WHAT YOU SHOULD DO: Copy out the entire listing below exactly, but without its pictures.

DATA BLOCK:
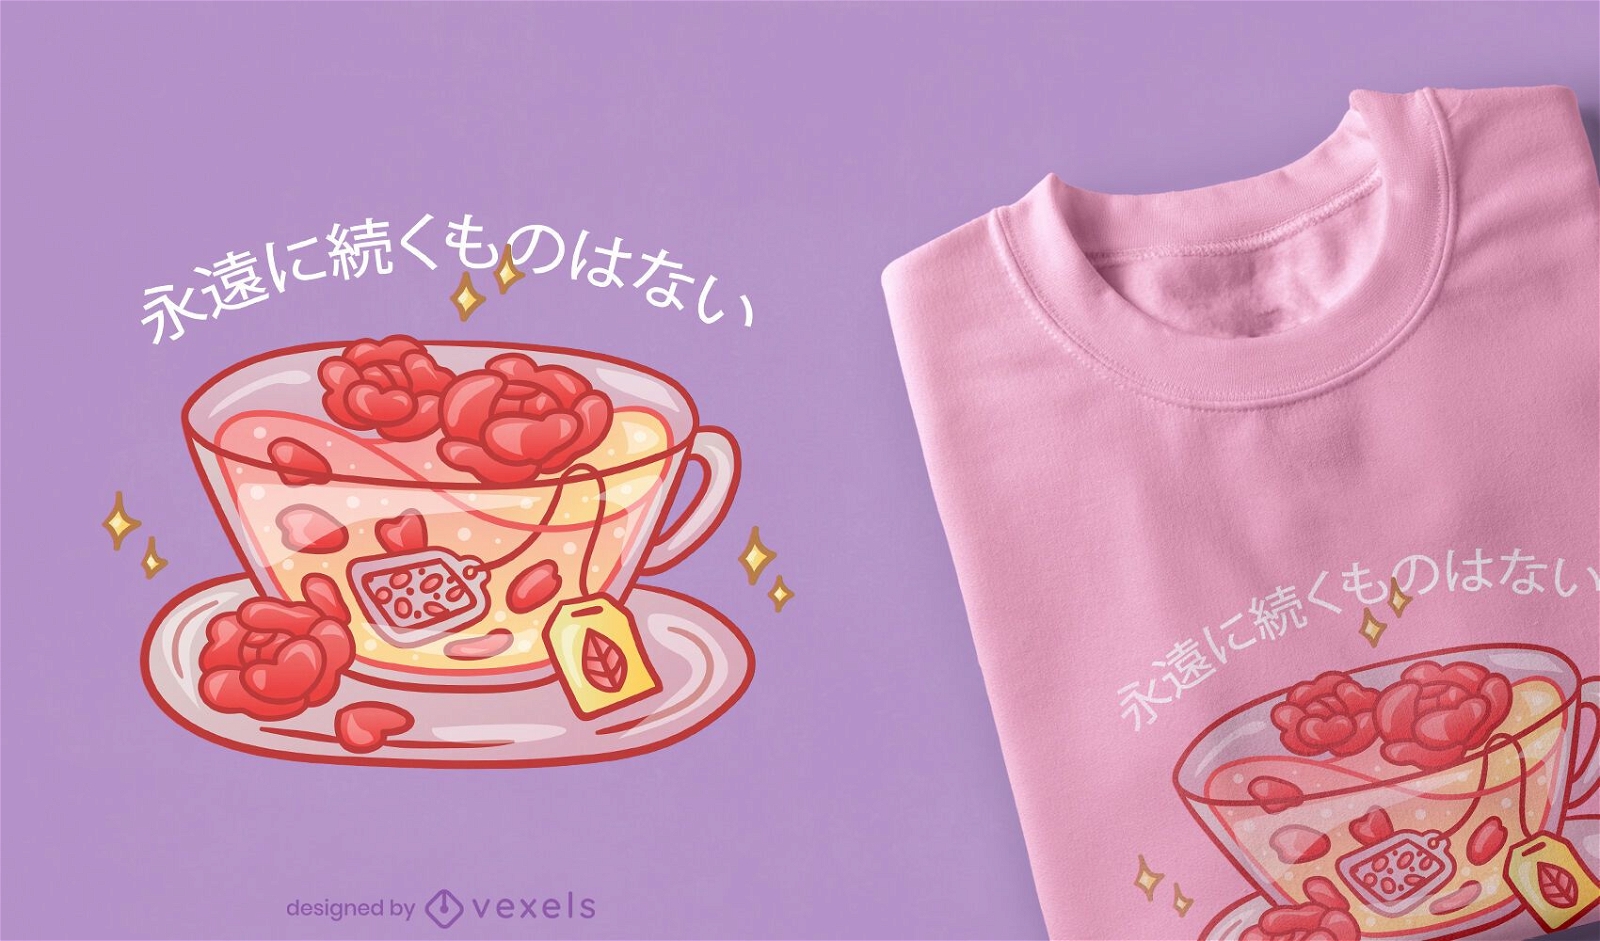 Rose tea kawaii t-shirt design
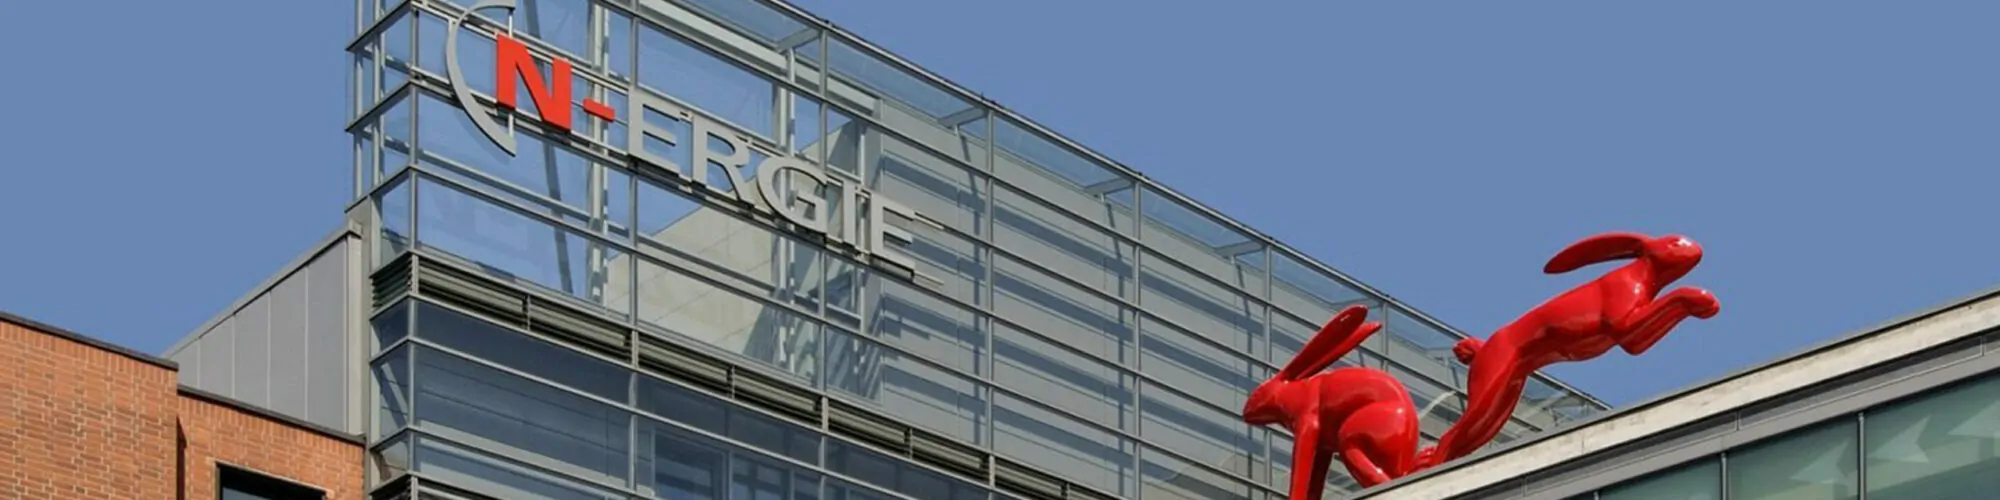 Bild des Firmengebäudes von N-ERGIE, valantic Case Study N-Ergie
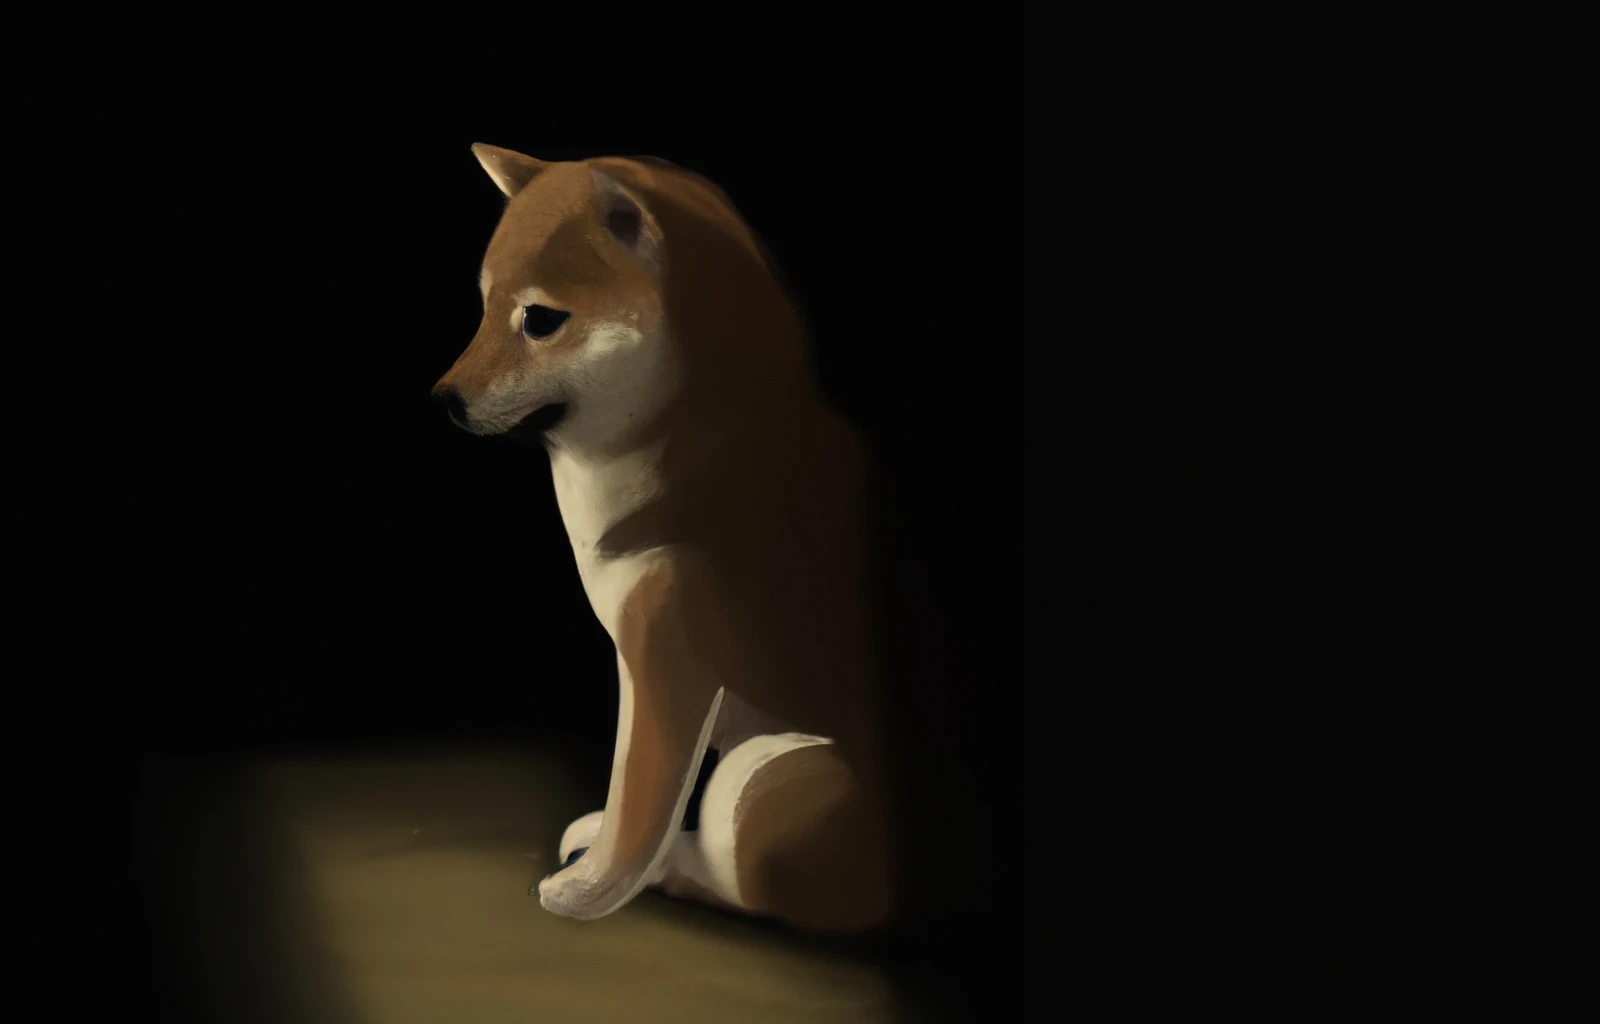 Arte digital perrito de raza Shiba Inu muy solo en una habitación oscura.

SOLUTION TO THIS PROBLEM:
 Rose tea kawaii t-shirt design
 Bild des Firmengebäudes von N-ERGIE, valantic Case Study N-Ergie
 Arte digital perrito de raza Shiba Inu muy solo en una habitación oscura.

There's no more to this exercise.